I was thinking of another potential area where this short IO could improve performance significantly (and give a good reason to land it), is when many clients are writing to the same object. Is it possible for you to run a test with multiple clients IOR writing <= 4kB interleaved chunks to the same 1-stripe file? Ideally this would use server-side locking for the writes, so that there is very minimal contention. It might even be that submitting smaller IOs (say 32 bytes) would give even more of a boost to this patch, since the client does not need to do read-modify-write for the full-page writes as it does today.

If this feature can show some significant performance improvements (say 3-4 times faster, though I'd expect possibly much more) then I would be happy to work on getting this this feature landed.

Alexander, I saw that the patch for this feature is abandoned, however small writes is definitely an area that Lustre could use a considerable amount of improvement. I'm still hopeful that there may be some workloads that this feature could show significant performance improvements on, or at least show what other work needs to be done in addition to this patch. The Data-on-MDT work is more concerned with small files and is definitely orthogonal to this small write patch which is intended to improve small write RPCs to a potentially very large file.

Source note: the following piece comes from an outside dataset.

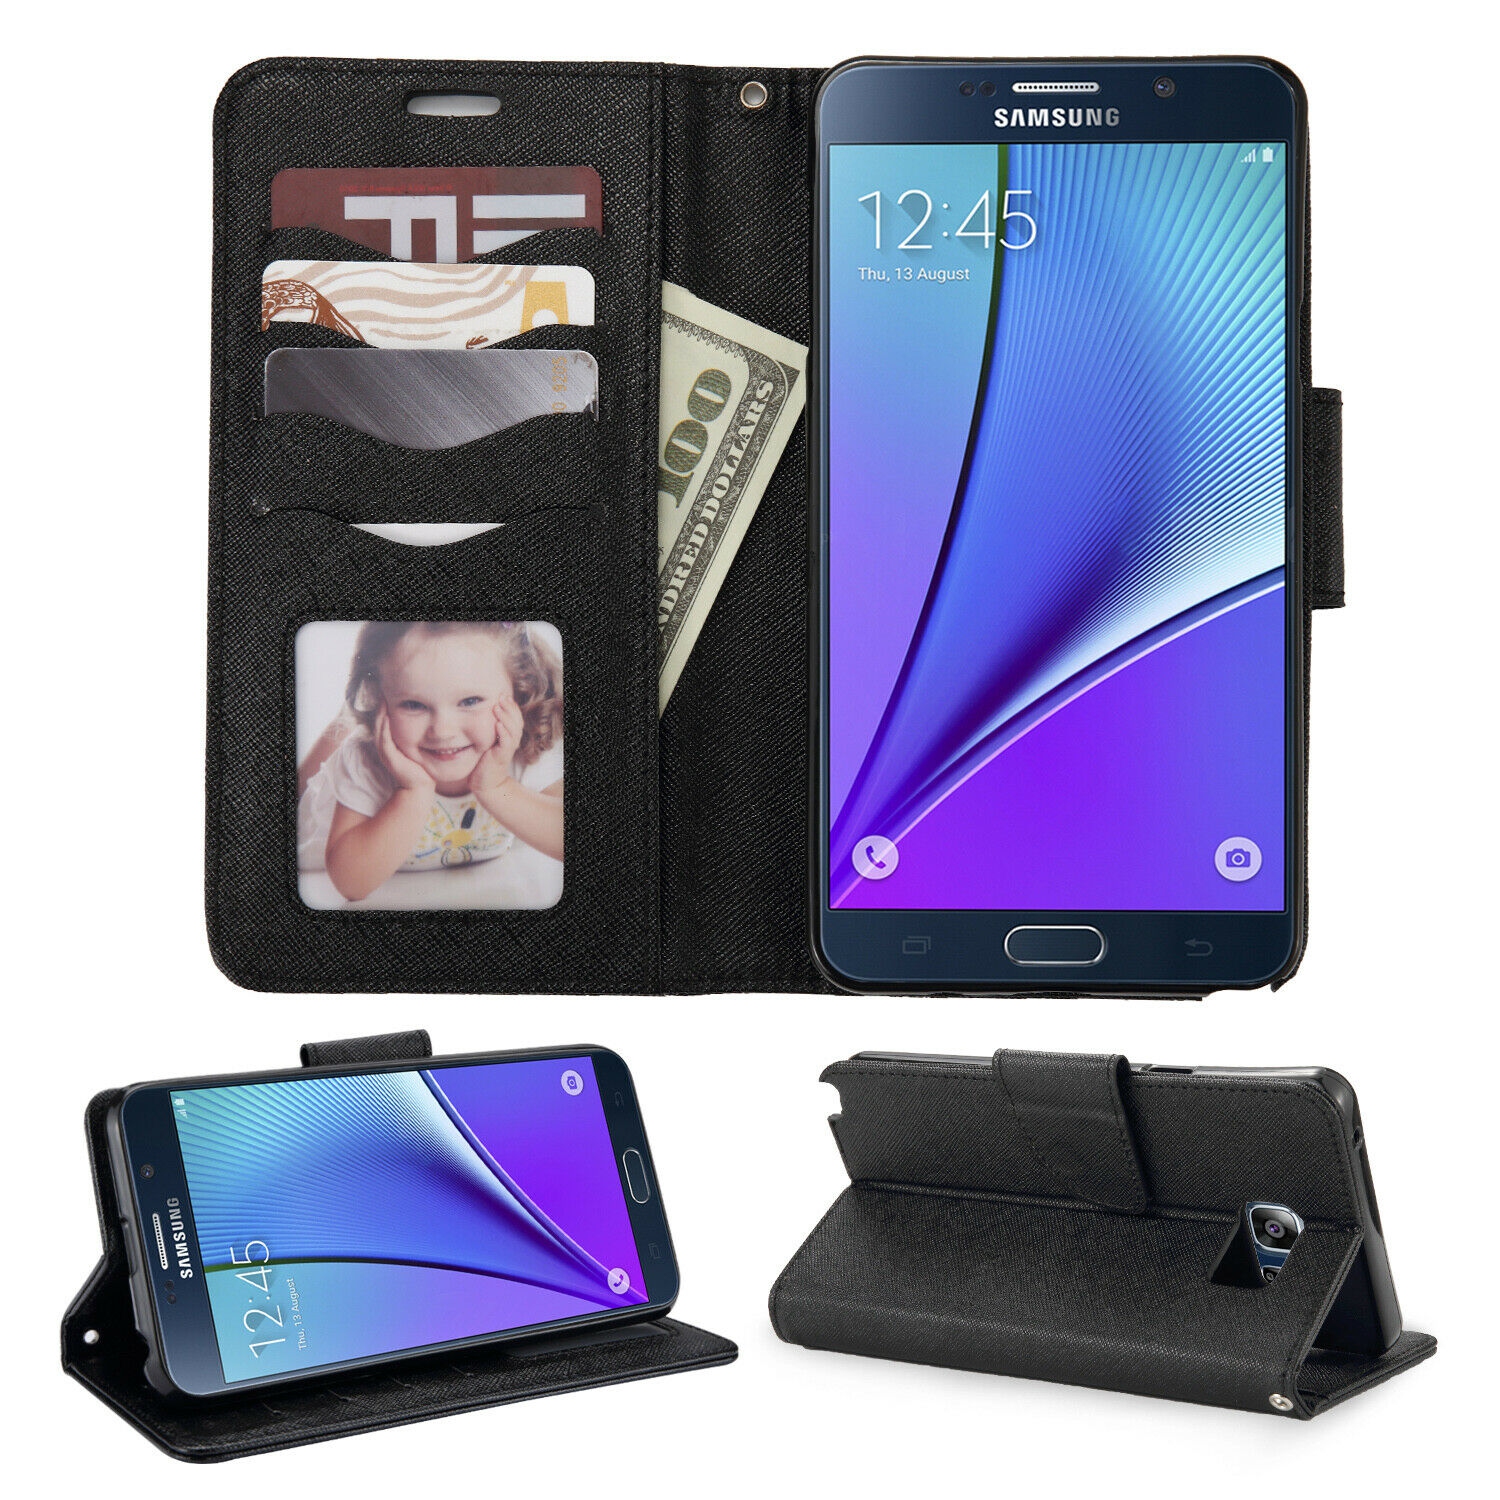 【CSmart】 Magnetic Card Slot Leather Folio Wallet Flip Case Cover for Samsung Galaxy Note 5, Black

It may be that we need to make additional changes in order to see the overall improvement of small files. Some areas to investigate to see why this patch isn't showing the expected improvements:

• what is the improvement when the writes are smaller than a single disk block?
• what is the improvement when multiple clients are doing interleaved writes to the same file? This can be tested relatively easily with IOR and multiple client nodes ("ior -w -b 32 -t 32 -s 65536 -N 8 -i 10 -o /mnt/lustre/testfile" runs on 8 clients and does 65536 interleaved 32-byte writes per client).
• what impact does NRS object-based round-robin (ORR) have when doing small writing to a single file? This should sort the writes by file offset, but it may be that short writes also need to be cached on the OST so that they can avoid synchronous read-modify-write on the disk. This might be more easily tested with a ZFS OSD, which already does write caching, while the ldiskfs OSD would need changes to the IO path in order to cache small writes.
• in the shared single interleaved write case, are the clients doing lockless writes? If not, the lock contention and overhead of doing LDLM enqueue/cancel for each write may easily dominate over the improvement from the small write patch. For sub-page writes, it might also be that there needs to be some IO fastpath that bypasses the client page cache so that it can avoid read-modify-write for the local page.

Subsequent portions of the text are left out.